Sunday, August 19, 2012

How do I relate to my worldview?

     “A paradigm, most simply, is both a model of and a template for reality. Complementary terms include ‘belief system’ and ‘worldview.’ Just as a fish cannot breathe outside of the water it swims in, so an individual operating within a paradigm is subject to the illusion that the paradigm represents the whole of reality. But no paradigm does. All models of reality, no matter how complex, are bound to leave out some aspects of the ‘reality’ they are attempting to model. Many paradigms come to constitute relatively closed conceptual systems that discount or exclude incompatible information, regardless of its potential validity within another paradigm. In the Structure of Scientific Revolutions (1970), philosopher Thomas Kuhn demonstrated that, far from being an accurate model of reality, the most a paradigm can be is a set of beliefs about the nature of an ultimately unknowable universe.
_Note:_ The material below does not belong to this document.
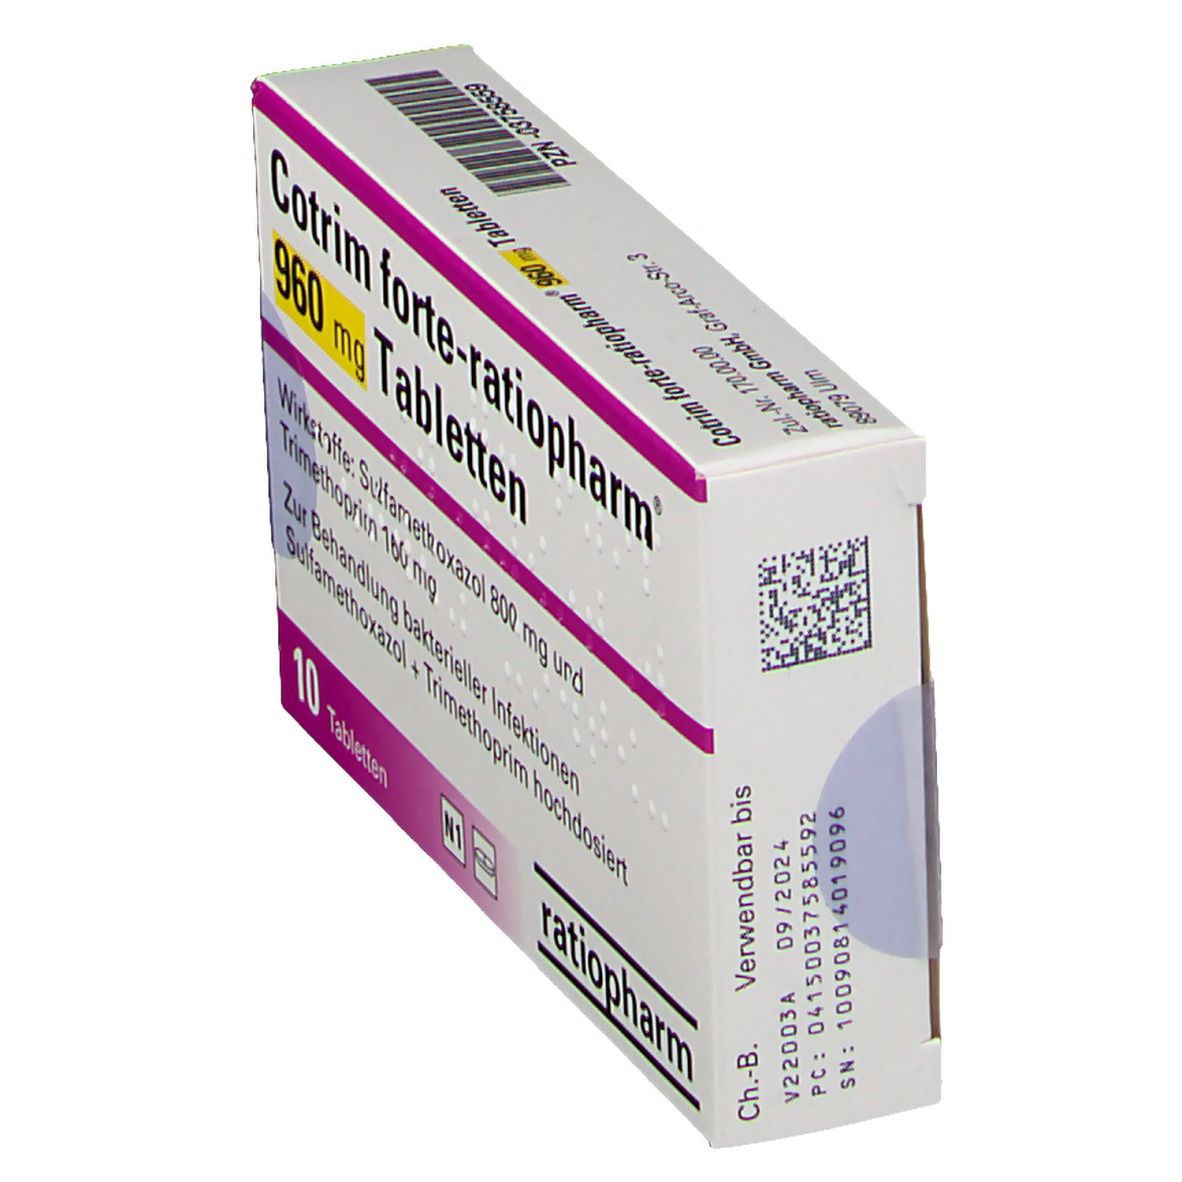 Cotrim forte-ratiopharm® 960 mg

     The limitations of paradigms are counterbalanced by their advantages: paradigms provide clear conceptual models that facilitate one’s movement in the world. In acting not only as models of – but also as templates for – reality, paradigms enable us to behave in organized ways, to take action that make sense under a given set of principles. ‘To paradigm,’ if you will, is to create the world through the story we tell about it. We then can live as cultural beings in the organized and coherent paradigmatic world we have created. We cannot live without paradigms. But we can learn to be conscious and aware of how they influence our thoughts and shape our experience, to understand that they open some possibilities while closing others. That awareness can bring a rare kind of freedom – the freedom to ‘think beyond.’
     Davis-Floyd R, St. John G. “From doctor to healer. The transformative journey.” Rutgers University Press, London, 1998.
     You first have to realize that you're in a box, before you can think outside the box.